The fun and games continue at Telecom Italia (TIM) , with most of its board resigning on Thursday in what is being seen largely as a tactical move to fend off the activist investor Elliott Advisors, which is unhappy with the growing influence of major shareholder Vivendi on the operator. Among those heading for the door were, as Reuters reports, TIM chairman (and Vivendi CEO) Arnaud de Puyfontaine and Deputy Chairman Giuseppe Recchi, the latter being replaced, somewhat bizarrely, by former CEO and current board member Franco Bernabe. According to a statement by de Puyfontaine, cited by Reuters, the move "will allow TIM shareholders to decide quickly on a new full board ... rather than voting on piecemeal changes to the board as called for by Elliott." (See Eurobites: TIM's Management Turmoil Continues and Telecom Italia Drama: What Is Vivendi Up To?)
As the row surrounding the misuse of Facebook data in the US presidential election rumbles on, the European Commission has warned the US that its data controls need to be tightened up. As the BBC reports, EU Justice Commissioner Vera Jourova said that data controls in the US, such as those that make up the so-called Privacy Shield US-Europe data transfer protocol, fall short of those operating within the EU. On May 25 the General Data Protection Regulation (GDPR) comes into force, which should further strengthen data protection laws in Europe. (See Eurobites: Cambridge Analytica Feels the Heat.)
UK broadband providers are still getting it in the neck from Which?, the influential consumer rights organization. In an extensive ring-round of providers, undercover Which? "mystery shoppers" purporting to be in the market for a new broadband package found that providers gave out the regulator-recommended information relating to expected broadband speeds in less than half of the calls. Under Ofcom's current Code of Practice -- due to be updated in March 2019 -- providers should give customers estimated residential broadband speeds "as early as practicable" in the sales process. TalkTalk came bottom of the pile, only giving the relevant information five times out of 12; by contrast, Sky shone, offering estimated speeds 21 times out of 24 occasions.

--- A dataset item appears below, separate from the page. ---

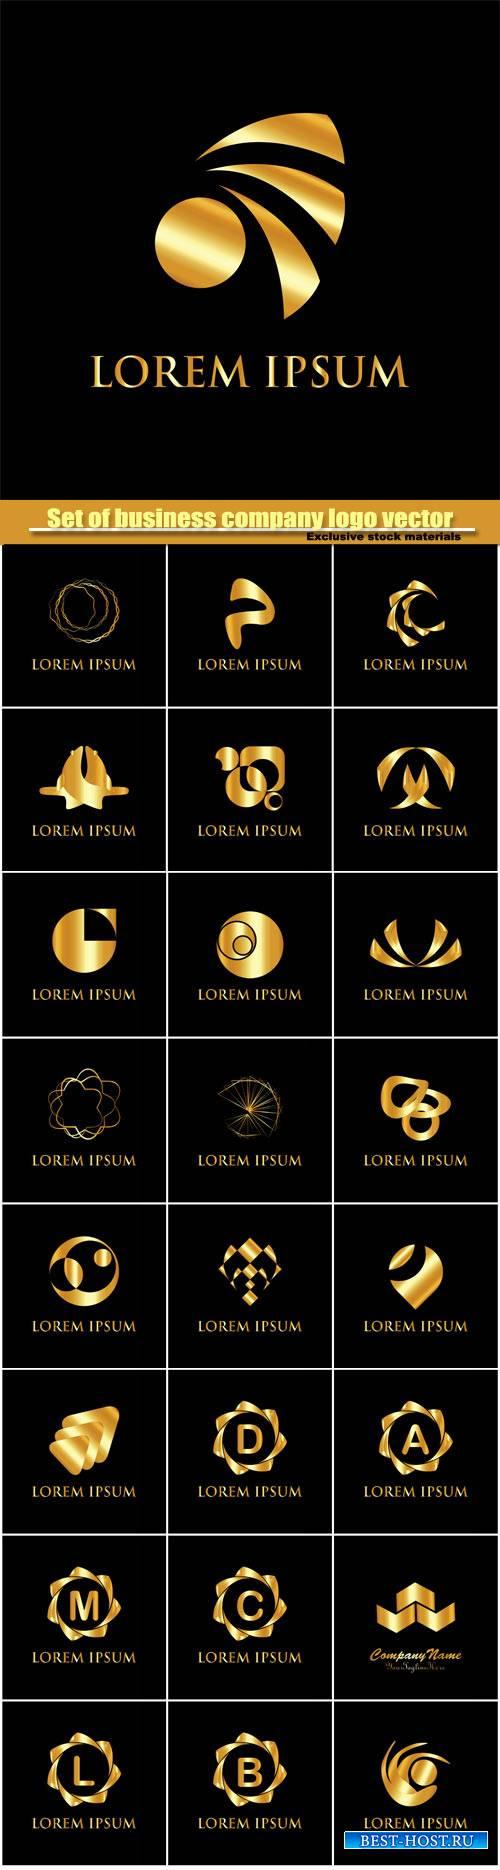 Set of golden business company logo vector

You know that trusty USB stick you found down the back of the sofa and use for transferring all sensitive company data from your work PC? It's filthy! That, at least, is the thinking behind a new product from Orange Cyberdefense. Its Malware Cleaner is described as a mobile decontamination terminal for USB flash drives, and when a USB stick is shoved into it, it uses five anti-virus search engines to detect any nasties. According to Orange, 70% of employees use USB flash drives from outside their company and connect them to the company network, and 68% of them take no precautions before insertion.
Earlier this week private equity firm PPF agreed to buy Telenor Group (Nasdaq: TELN)'s mobile operations in Hungary, Bulgaria, Serbia and Montenegro for €2.8 billion ($3.45 billion). Bloomberg today takes a closer look at PPF, speculating that it may soon mount a serious challenge to the likes of Deutsche Telekom, Vodafone and Telekom Austria. (See Telenor Offloads Its CEE Unit for €2.8B.)